十一月底,南海波涛汹涌。
杨耿的十艘火船借着夜雾,如鬼魅般滑向荷兰舰队侧翼。每艘船上堆满浸透火油的柴草、棉絮,火药桶隐蔽其中,只留一根长引信。二十名敢死队员赤着上身,在初冬的海风中屏息操桨。
“杨爷,到了。”瞭望手压低声音,前方百丈外,荷兰旗舰“鹿特丹号”的轮廓在雾中隐现。
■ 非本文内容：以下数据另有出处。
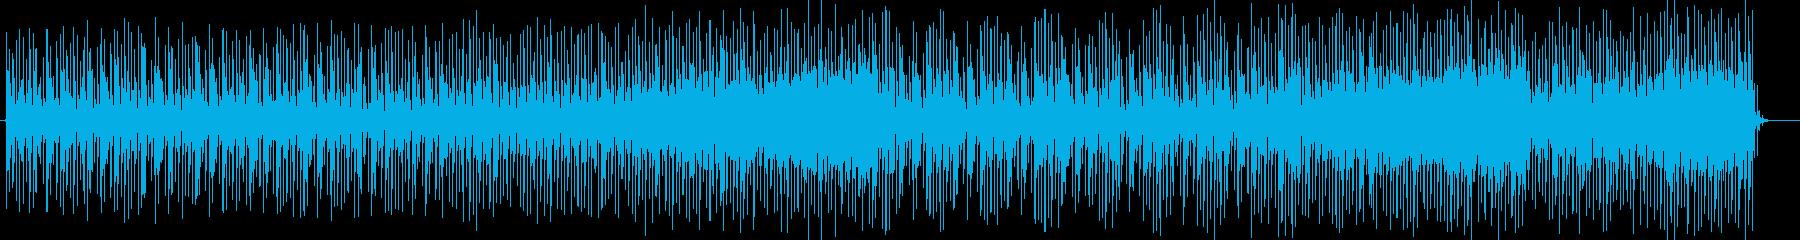 おしゃれでミステリアスなシンセサウンドの再生済みの波形

更远处,另外七艘敌舰的灯火星星点点。
杨耿舔了舔干裂的嘴唇,下令:“分三队。一队三船攻旗舰,二队四船攻左翼,三队三船攻右翼。点火后跳水,向东南游,有快艇接应。”
火折子擦亮,引信嘶嘶燃烧。敢死队员们奋力划桨,火船如离弦之箭,直扑敌舰。
“敌袭!”荷兰哨兵终于发现,惊叫声刺破夜空。
但为时已晚。第一艘火船撞上“鹿特丹号”右舷,“轰”的一声,烈焰冲天而起。紧接着,第二艘、第三艘……三艘火船如三条火蛇,死死缠住旗舰。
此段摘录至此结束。